Lateral Flow Biosensor for On-Site Multiplex Detection of Viruses Based on One-Step Reverse Transcription and Strand Displacement Amplification

Abstract

Respiratory pathogens pose a huge threat to public health, especially the highly mutant RNA viruses. Therefore, reliable, on-site, rapid diagnosis of such pathogens is an urgent need. Traditional assays such as nucleic acid amplification tests (NAATs) have good sensitivity and specificity, but these assays require complex sample pre-treatment and a long test time. Herein, we present an on-site biosensor for rapid and multiplex detection of RNA pathogens. Samples with viruses are first lysed in a lysis buffer containing carrier RNA to release the target RNAs. Then, the lysate is used for amplification by one-step reverse transcription and single-direction isothermal strand displacement amplification (SDA). The yield single-strand DNAs (ssDNAs) are visually detected by a lateral flow biosensor. With a secondary signal amplification system, as low as 20 copies/μL of virus can be detected in this study. This assay avoids the process of nucleic acid purification, making it equipment-independent and easier to operate, so it is more suitable for on-site molecular diagnostic applications.

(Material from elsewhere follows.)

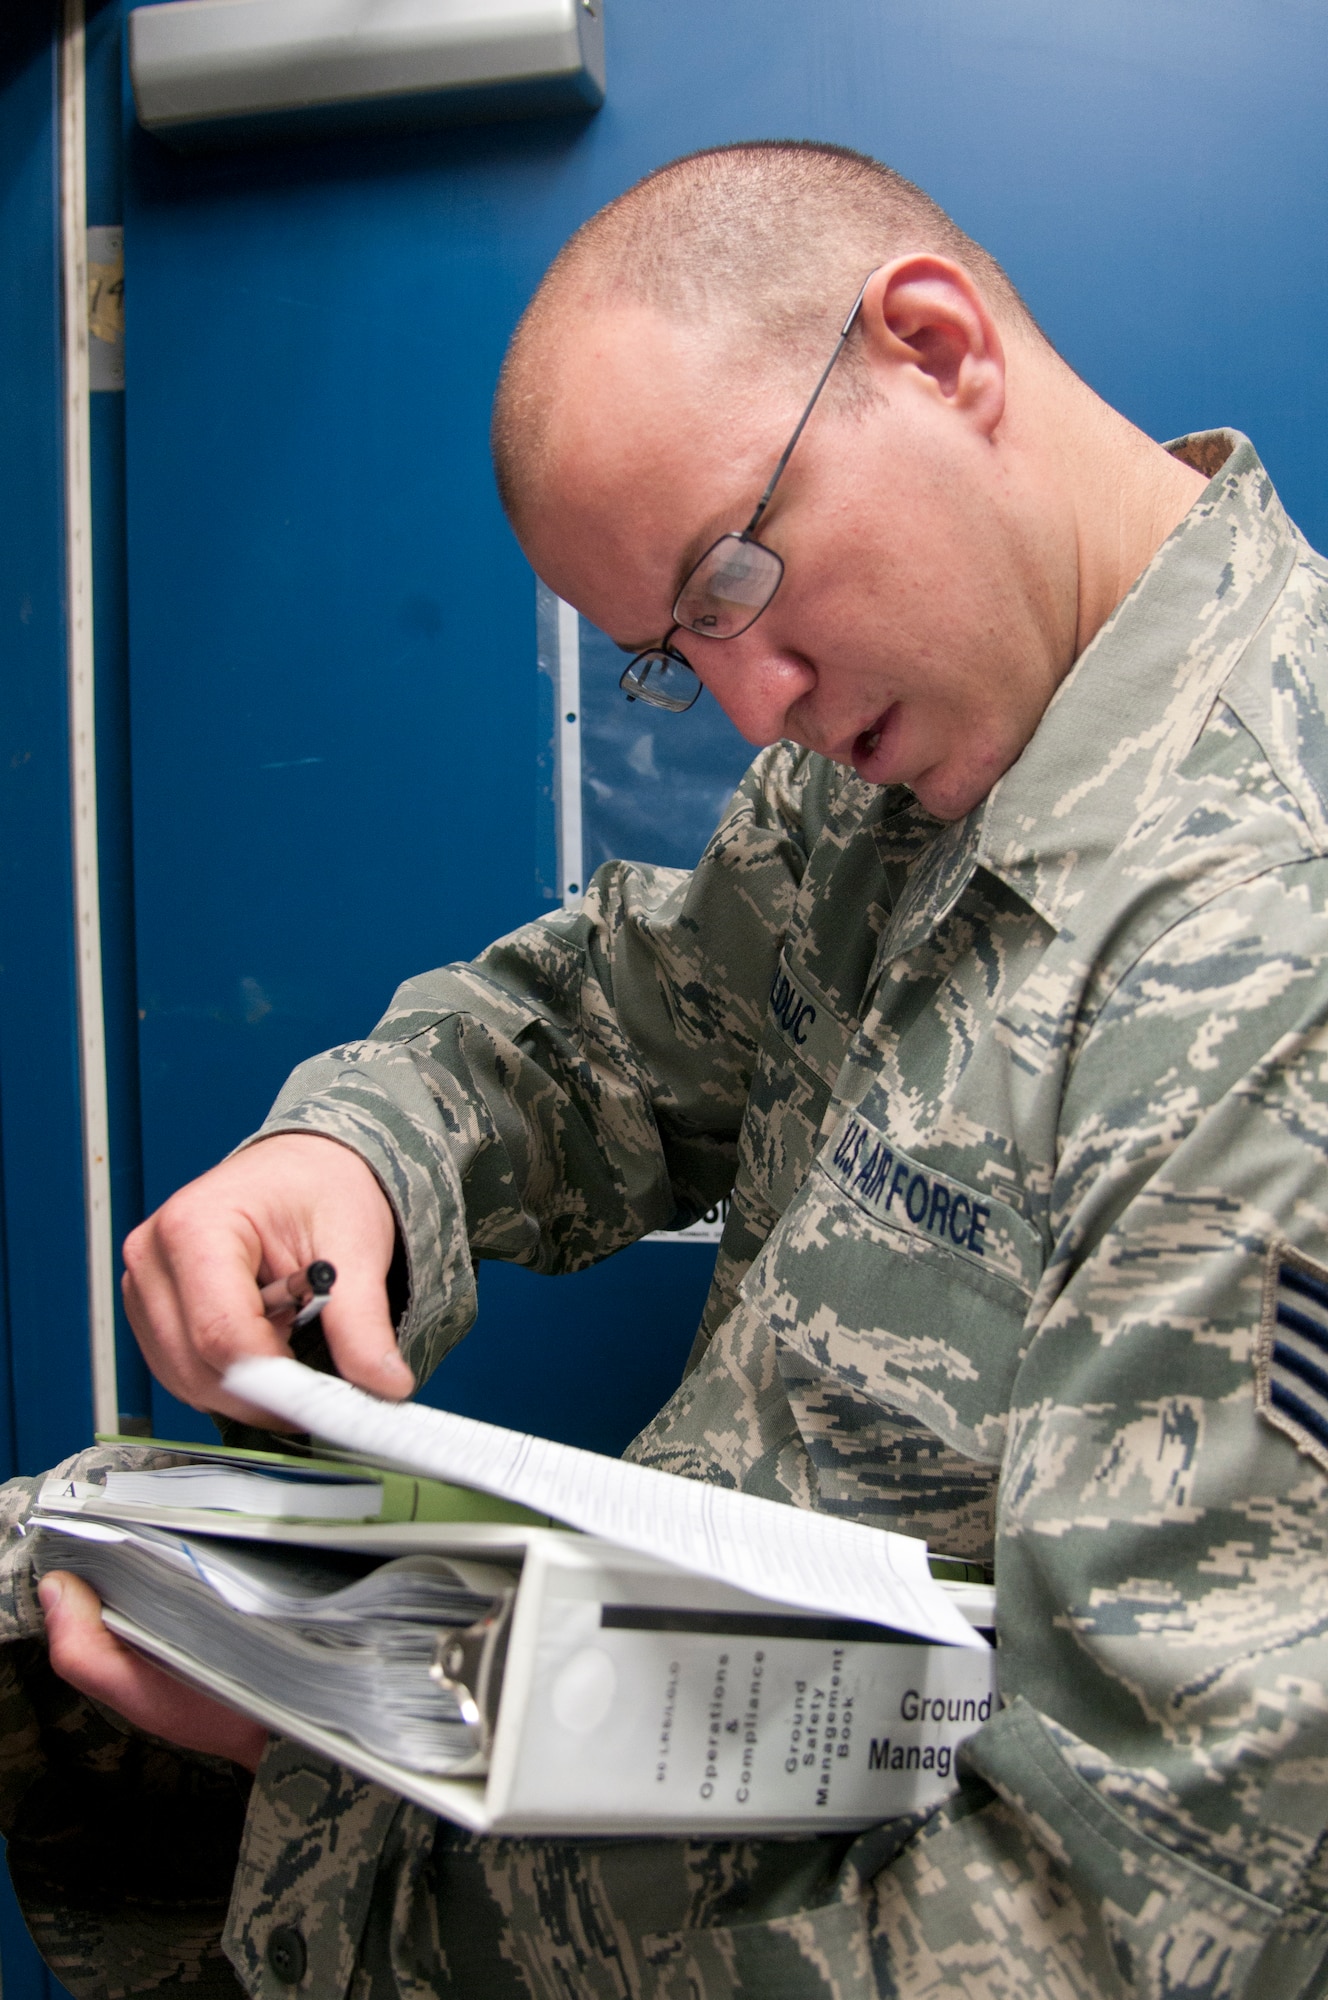 Staff Sgt. Philip Bolduc, 90th Logistics Readiness Squadron vehicle maintenance customer service NCOIC and safety representative, reviews his notes in the vehicle maintenance building June 4, 2014, during the squadron’s annual safety inspection. This was Bolduc’s first safety inspection as the safety representative. (U.S. Air Force photo by Airman 1st Class Malcolm Mayfield)

Keywords: AuNPs; NAATs; RT-SDA; lateral flow biosensor; on-site detection.

Figure 1

Principle and workflow of this detection. (A) Specimen was lysed by detergent in the lysis buffer. The yield buffer was directly transferred to the enzyme mixture for SDA amplification. (B) One inverted cup of the amplified product was loaded on the CP1, and 3 drops of chasing buffer were loaded on the SP2 for visual detection. (C) All the materials used in this assay. The lower part of the photo, from left to right are swab, lysis buffer, dropper, inverted cup, enzyme mixture, strip and chasing buffer.

Figure 2

Demonstrates the relationship between different oligonucleotides using influenza A virus detection as an example.

Figure 3

Typical images of the biosensor for viruses detection with different conditions. The capital letter IVA, IVB and S represent influenza virus A-positive samples, influenza virus B-positive samples and SARS-CoV-2-positive samples, respectively. “All” represents the existence of all three kinds of viruses. “No” represents the absence of all three kinds of viruses.

Figure 4

(A) Optimization of the biosensor with different ratio of specific AU probes and EN-prob1. (B) The signal of T-Line of different concentrations of A-prod. (C) Typical images of the biosensor with or without A-SDA primer.

Figure 5

Sensitivity and specificity of the biosensor. Sensitivity for influenza A (A), sensitivity for influenza B (B) and sensitivity for SARS-CoV-2 (C). (D) Typical images of biosensor for different viruses. From left to right are influenza A virus (IVA), influenza B virus (IVB), SARS-CoV-2, respiratory syncytial virus (RSV), mycoplasma pneumoniae (MP), chlamydia pneumoniae (MP), Escherichia coli (E. coli) and yeast.

Figure 6

(A1) Typical images of the biosensor for virus-spiked samples detection. T1-line was specific for influenza A. T2-line was specific for influenza B. T3-line was specific for SARS-CoV-2. Results of inactivated virus diluted in lysis buffer were marked as “B”. Results of inactivated virus diluted in matrix (spiked sample) were marked as “M”. (A2) RT-PCR confirmation of influenza A virus in lysis buffer and spiked samples. 1 & 1′. Carrier RNA, 2. Negative control for PCR, 3 & 3′. Saline, 4 & 4′. 2 × 10¹ copy/μL influenza A virus. 5 & 5′. 1 × 10² copy/μL influenza A virus, 6 & 6′. 5 × 10² copy/μL and 2.5 × 10³ copy/μL influenza A virus, 8. Positive control for PCR. Symbol “ ‘ ” represents that the sample has been treated by RNase A for 30 min. Results of inactivated virus diluted in lysis buffer were marked as ‘B’. Results of inactivated virus diluted in matrix (spiked sample) were marked as “M”.

Figure 7

Typical images of the biosensor for the detection of influenza A virus with different lysis time. The concentration of the target RNA for this experiment was 2.5 × 10³ copy/μL.

Figure 8

Typical images of the biosensor for the detection of influenza A virus with different enzyme mixture. From left to right are freshly made enzyme mixture, freeze-dried amplification tube (45 °C for 4 days) and the enzyme mixture used for freeze-drying (45 °C for 4 days). The concentration of the target RNA used in this experiment was 5 × 10² copy/μL.